Emergency rooms are life multiplied and concentrated: full to the brim with the drama, noise and emotion of its extreme moments. It would seem the furthest place away from the contemplative spaces where art is created and regarded.
But as Rimbaud’s boat must return from the sea to the constraints of a puddle, so these interstitial spaces must communicate with real life. And as such art can have a practical use, which can be put to work, even in the noise of an emergency room in the middle of the night.
I close the book and prepare to return to work. It is 2:50 a.m., another five hours to go before the end of the shift.
Something has changed in the short break I have had. The reading of the poem has made my body feel skittish, as if adrenaline has been released into my system. Somewhere cogs move and blocks fall into place.
When trying to assess if someone has had a heart attack I will ask them what kind of pain they have experienced. Was it sharp? blunt? heavy? stabbing?
Patients find it difficult to describe a feeling that deep and visceral. The brain is finely-honed to locate exactly a superficial sensation on the body’s surface, but is often unable to give words to a feeling that profound.
Patients will instead often fold a hand into a fist and press it against their chest to indicate what they mean. The effect of the poem is similar: some altering in the relationship between the self and the world, a communication between the interstitium and the cell, that takes place in the depths, impossible to locate precisely or accurately describe.

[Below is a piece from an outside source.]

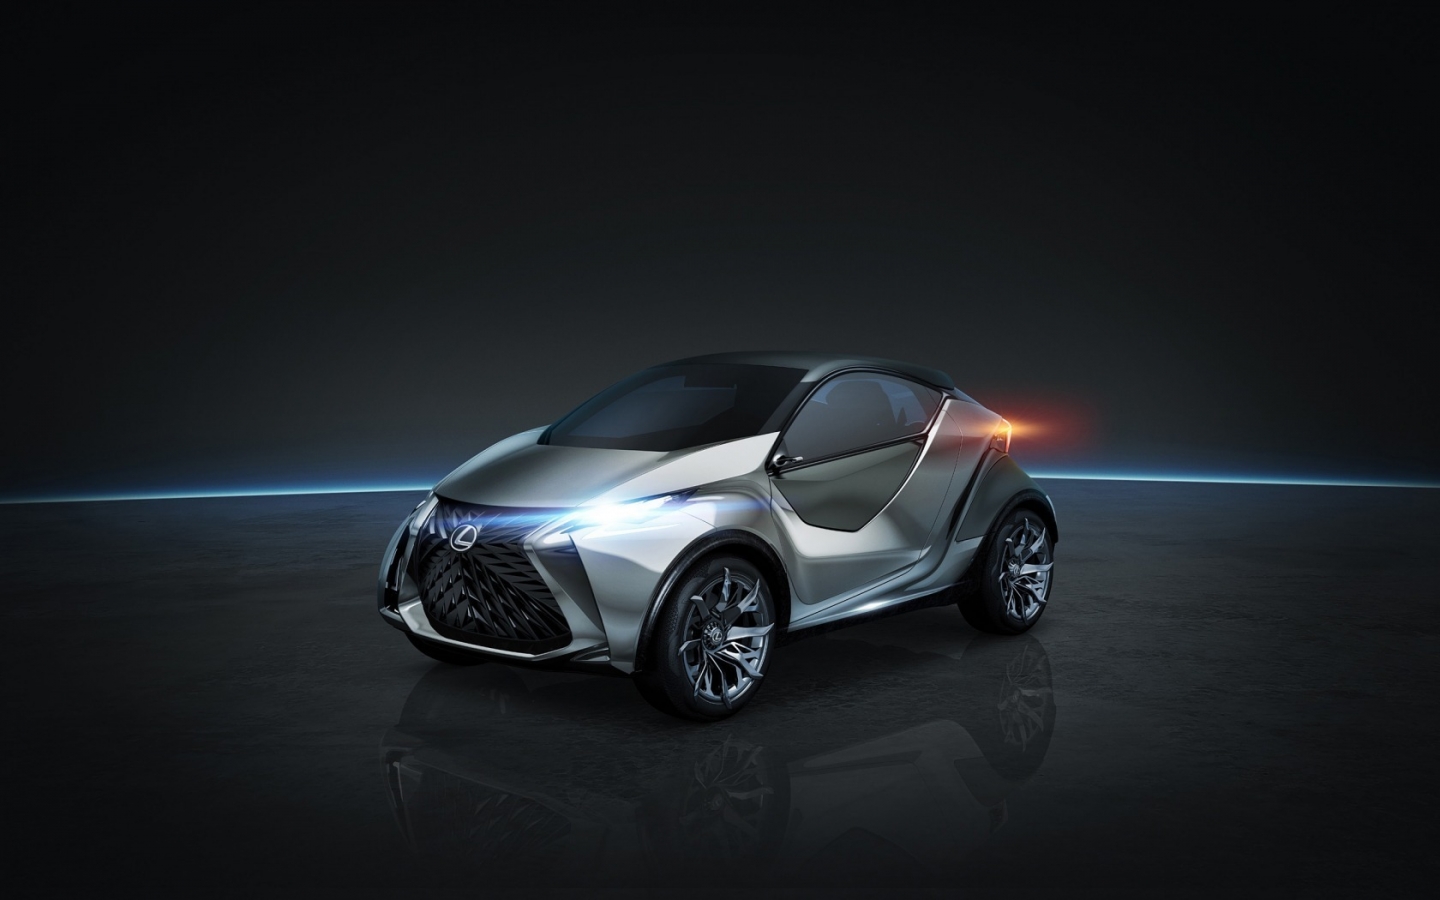 2015 Lexus LF SA Concept for 1440 x 900 widescreen resolution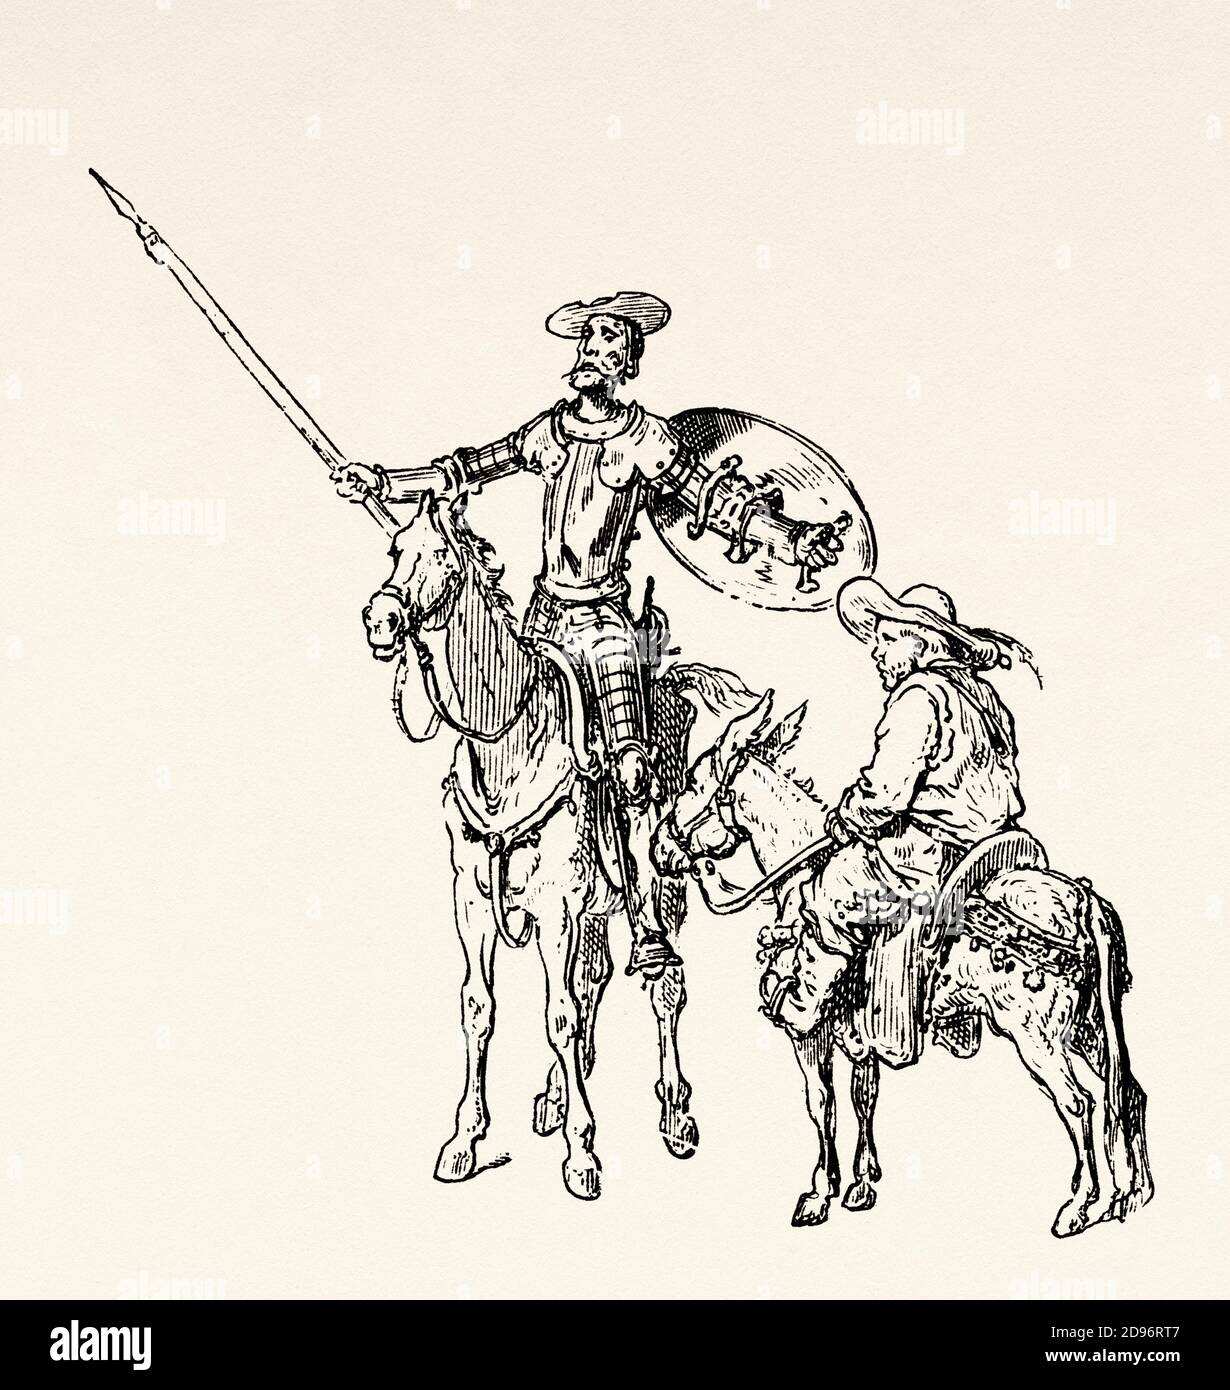 Don Quichotte par Miguel de Cervantes Saavedra. Illustration de la gravure du XIXe siècle par Gustave Dore Banque D'Images

I return to the emergency room and check first on the old man. The intravenous bag flowing into the vein in his arm is nearly empty. A little colour has returned to his cheeks and he appears less hollowed out.
The sodium chloride has rehydrated him, filling his interstitium. These spaces, the spaces between cells, though empty, do have a function. They give the tissues of the body their tensile strength. They are the scaffolding on which life sits. Without them we would not be able to combat gravity, to walk upright, to reach high.
The old man grabs the sides of the gurney as I approach. He pulls himself up to sit.